If an L.P.P. if the objective function Z = ax + by has same maximum value on two corner points of the feasible region, then the number of points at which maximum value of Z occurs is
(a) 0
(b) 2
(c) finite
(d) infinite
Answer:
(d) infinite
Clearly the objective function Z has same maximum value on two comer points of feasible region. Thus Z has same maximum value on whole line joining these two points. Since there are infinite number of points on a line.

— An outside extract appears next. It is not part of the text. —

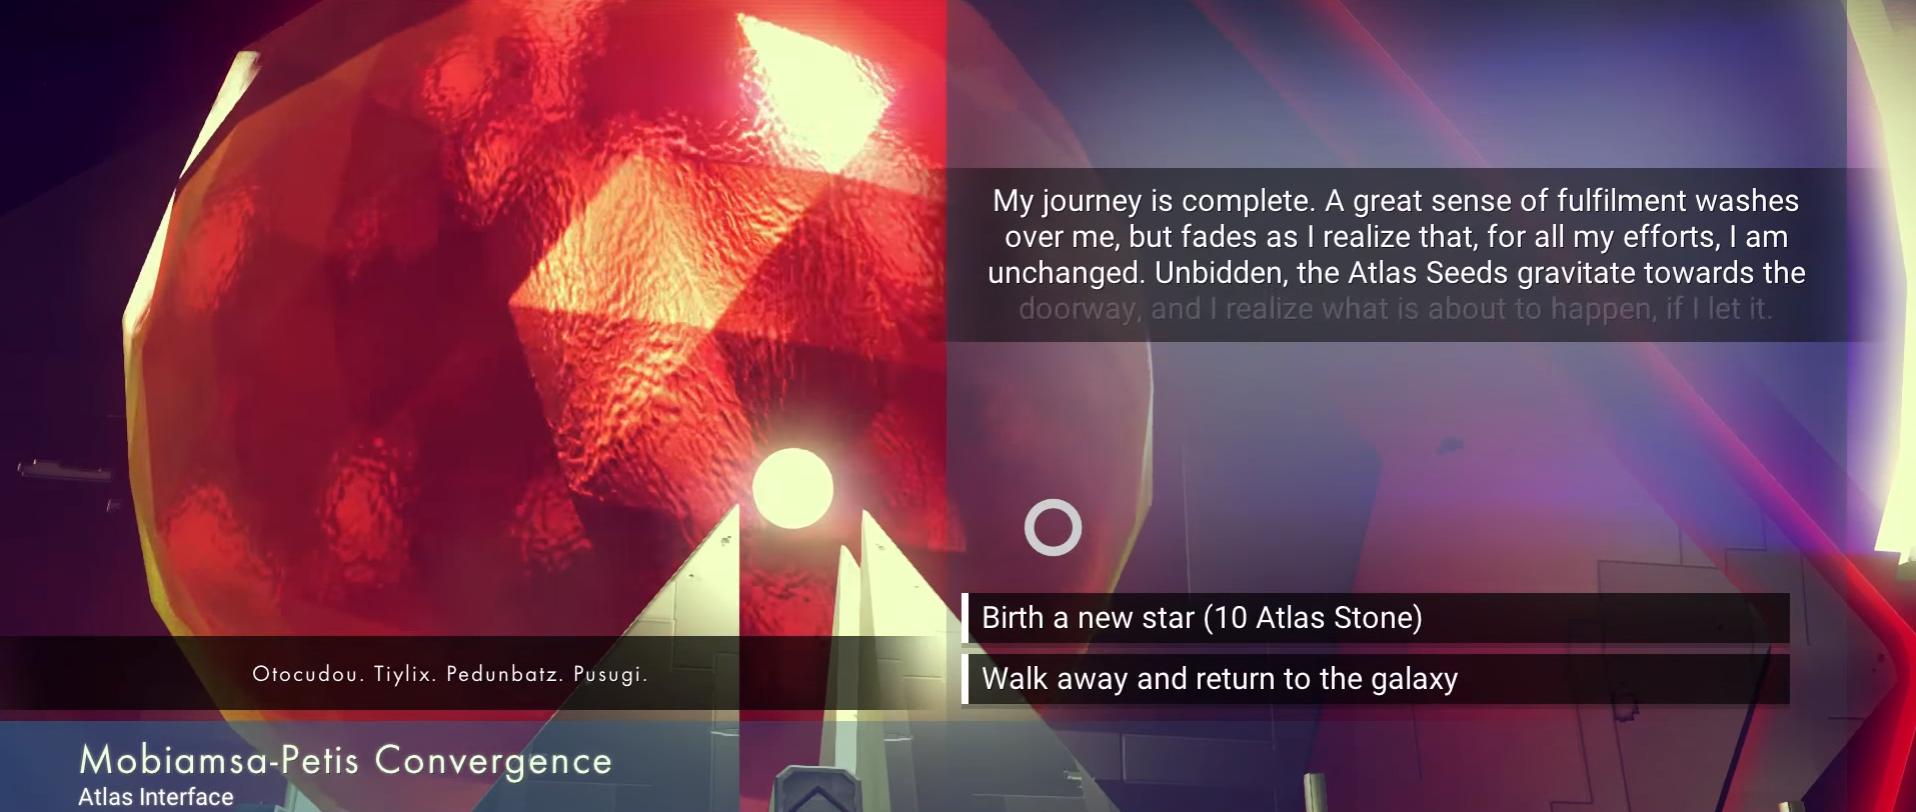 No Man's Sky Birth New Star with Atlas Stones

Therefore, Z has maximum value at infinite no. of points.
Question 10.
The graph of the inequality 2x + 3y > 6 is
(a) half plane that contains the origin
(b) half plane that neither contains the origin nor the points on the line 2x + 3y = 6
(c) whole XOY-plane excluding the points on the line 2x + 3y = 6
(d) entire XOY plane
Answer:
(b) half plane that neither contains the origin nor the points on the line 2x + 3y = 6
Given inequation be 2x + 3y > 6
Clearly origin i.e. (0, 0) is not satisfies the given inequation.
Also, 2x + 3y = 6 meets coordinate axes at (3,0) and (0,2) and both points doesnot lie on 2x + 3y > 6.
its solution set be a half plane that neither contains the origin nor the points on the line 2x + 3y = 6.